··· RECORDS PROVIDED
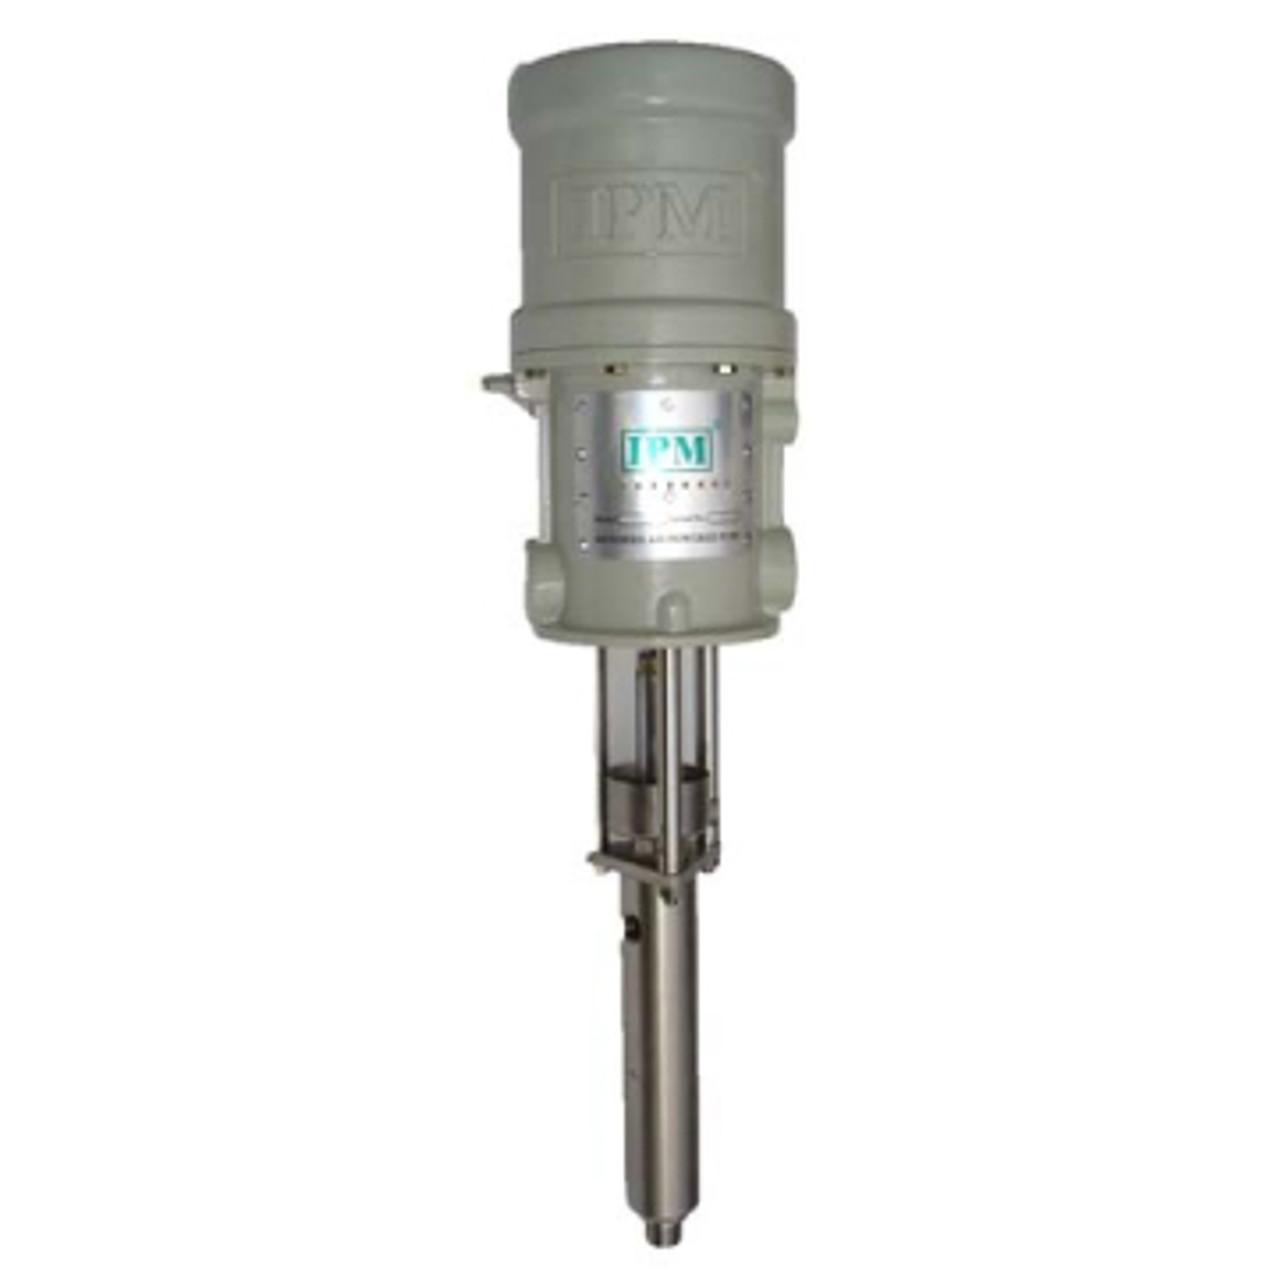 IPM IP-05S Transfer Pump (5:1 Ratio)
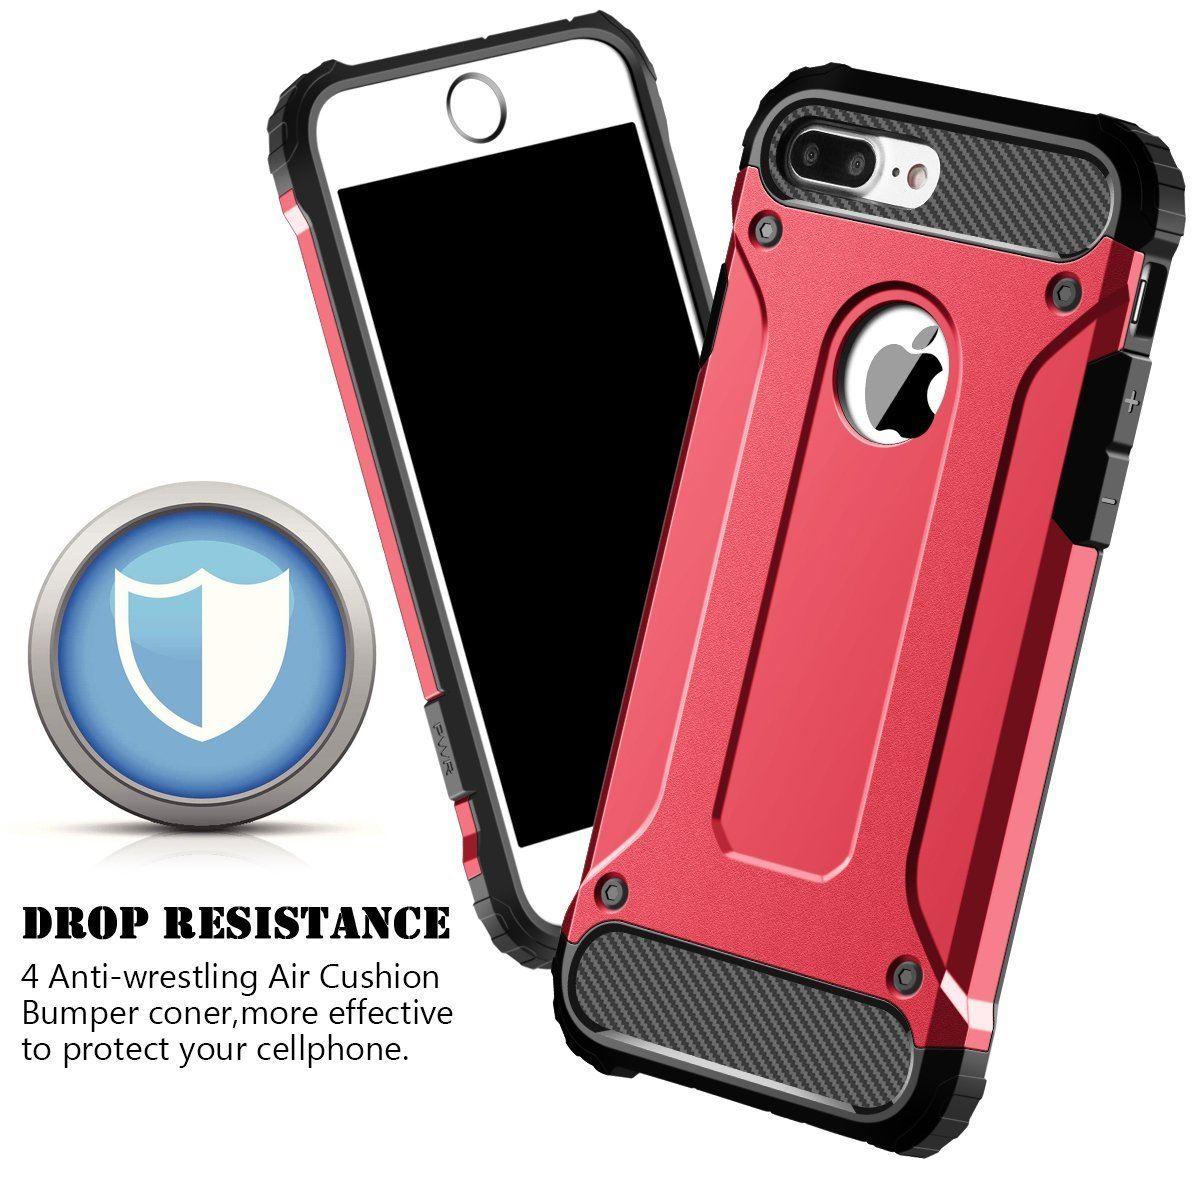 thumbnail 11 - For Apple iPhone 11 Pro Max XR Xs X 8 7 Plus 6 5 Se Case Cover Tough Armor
······
··· RECORDS PROVIDED
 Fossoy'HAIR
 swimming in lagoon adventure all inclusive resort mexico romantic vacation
······
··· RECORDS PROVIDED
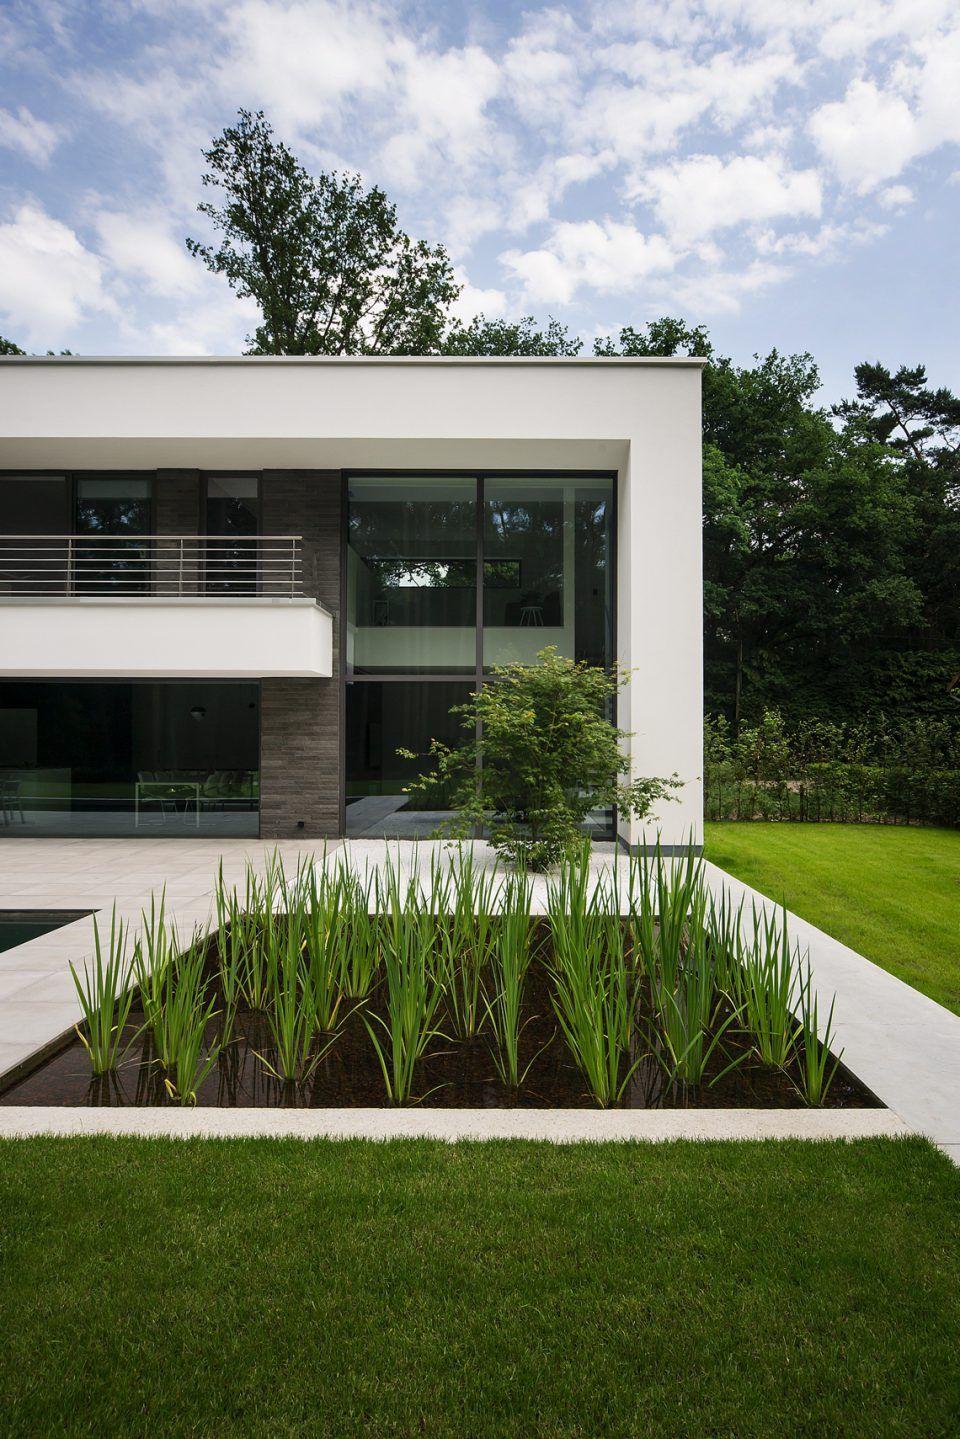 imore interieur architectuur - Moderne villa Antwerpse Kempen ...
······
**WHAT YOU HAVE TO DO**
In the listing above, find the line containing "IPM IP-05S Transfer Pump (5:1 Ratio)" and the line containing "thumbnail 11 - For", then return both of them and every line between, exactly, without pictures.

**OUTPUT**
 IPM IP-05S Transfer Pump (5:1 Ratio)
 thumbnail 11 - For Apple iPhone 11 Pro Max XR Xs X 8 7 Plus 6 5 Se Case Cover Tough Armor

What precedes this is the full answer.